Carlsborg barber Joyce Horner shaves Bob Hicks' neck Tuesday. One of the last barbers on the North Olympic Peninsula to still offer hot shaves

Carlsborg barber Joyce Horner shaves Bob Hicks' neck Tuesday. One of the last barbers on the North Olympic Peninsula to still offer hot shaves

Whistle Stop Barber Shop in Carlsborg to give last shave and haircut Friday

CARLSBORG –– The hot shave, a barbershop tradition reminiscent of the days when trains rattled through town, will go the way of the railroad Friday, as Joyce Horner closes down her Whistle Stop Barber Shop.

After 16½ years of old-fashioned barbering in her shop next to the Chicago, Milwaukee, St. Paul and Pacific railroad bed, now the Olympic Discovery Trail, Horner, 73, will give her last hot shave Friday.

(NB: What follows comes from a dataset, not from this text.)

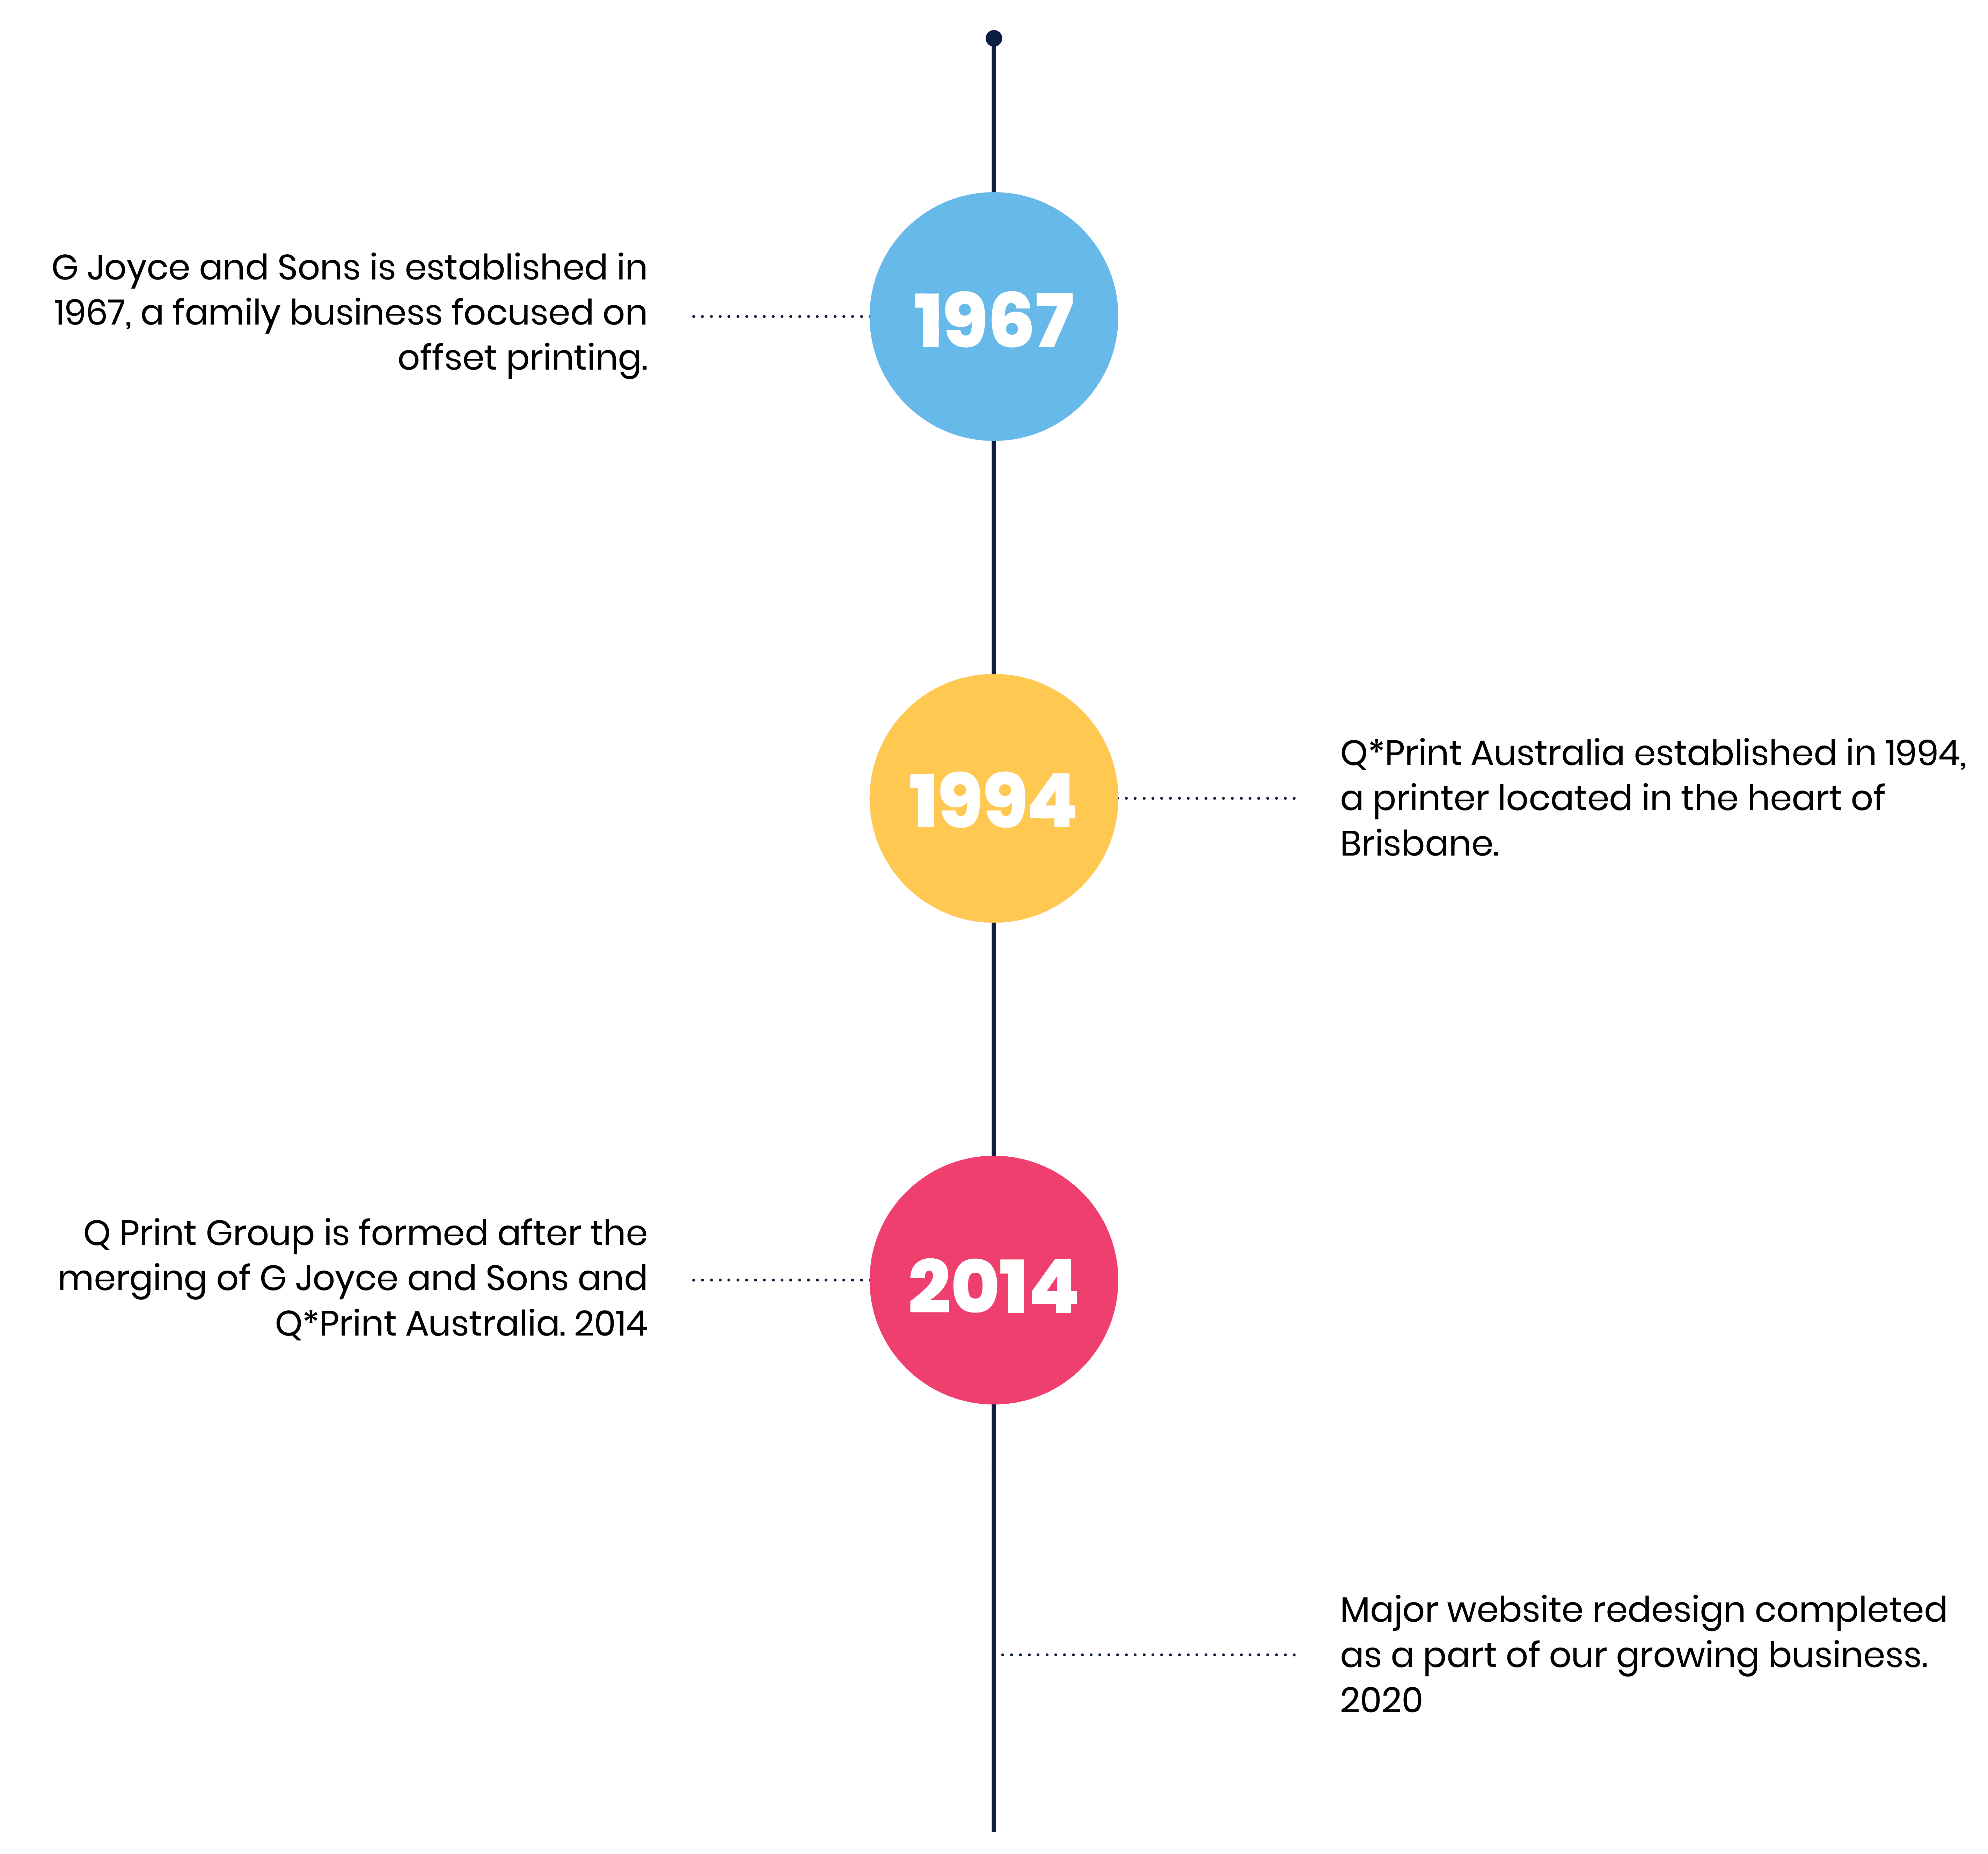 History of Q Print
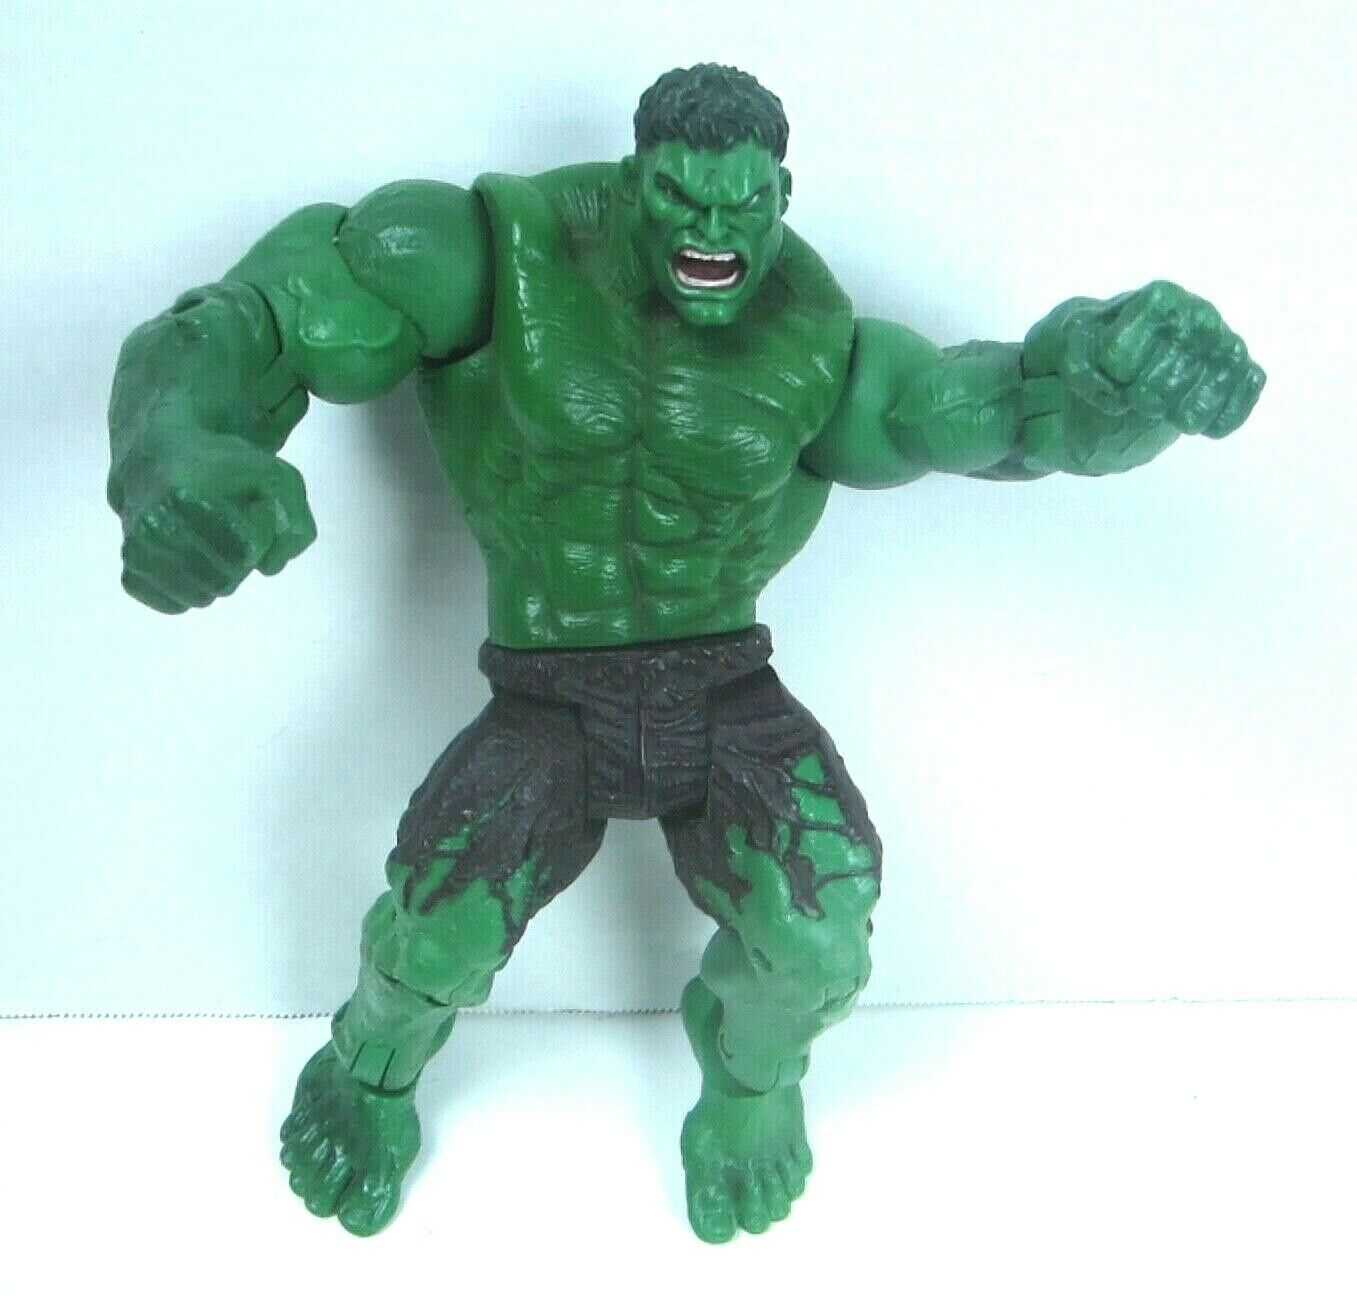 "2003 Hulk the Movie Action Figure Universal Marvel Throwing Smash Arms 8"" image 2"

The shave-and-a-haircut combo has been more than two bits for some time. But even at the 2014 price of $16, Horner said many of her regular customers come in just to feel the blade swipe whiskers and hot lather off their faces, followed of course by a hot towel.

“I know the shave and hot towel are the only reason I still get some of my customers in,” Horner said.

“I don’t even know what to tell my customers because I’m the last place that still does shaves.”

Horner is hosting open houses through Friday for regular customers to experience one more time the purr of the Whistle Stop’s hot shave machine, the gleam of a fresh straight razor and the train whistle that signals an incoming call on her steam engine telephone.

The open house at 190 Village Lane runs from 9 a.m. to 3 p.m. each day, with cake, cookies and hot coffee accompanying Horner’s smile.

“I hate leaving all my guys. They’re like family to me,” she said.

Many of those customers donated the railroad relics that will be sold off at area garage sales.

“I won’t cry if you don’t,” said Bob Hicks, who has had his hair cut and his beard trimmed by Horner since moving to Sequim in the late 1990s.

For now, she plans to move to Vallejo, Calif., to live near her children and their families.

Horner originally set up the Whistle Stop Barber Shop in Manette, a small town that has been absorbed by Bremerton.

Horner has been a railroad buff since she was a child growing up climbing on steam engines in Indiana while her father, a locomotive engineer, worked.

“I was the princess of the rail yard,” she remembered.

Horner said she wanted an old-timey-sounding name when she set up her barber business after attending barber school on a grant from state timber funds.

“I almost called it Joe’s Tonosorial Parlor, but a friend of mine said that sounded like a house of ill-repute,” she said.

“So I thought back to my dad and the trains and came up with the Whistle Stop.”

Tiring of the soggy weather of the Bremerton area, she packed up the shop and moved to Carlsborg, where the Whistle Stop operated out of the old post office building for several years.

Before setting up her current location, Horner went mobile, packing up her scissors and razor and visiting the homes of loyal customers from Discovery Bay to Port Angeles.

“It’s time to move on, but I am going to miss these guys and hearing all their stories I’ll never tell,” she said.

“Maybe when I get down to California, I can put them in a book.”

“Tales from the Whistle Stop,” laughed Hicks as Horner wiped a remnant dab of lather from the tip of his ear.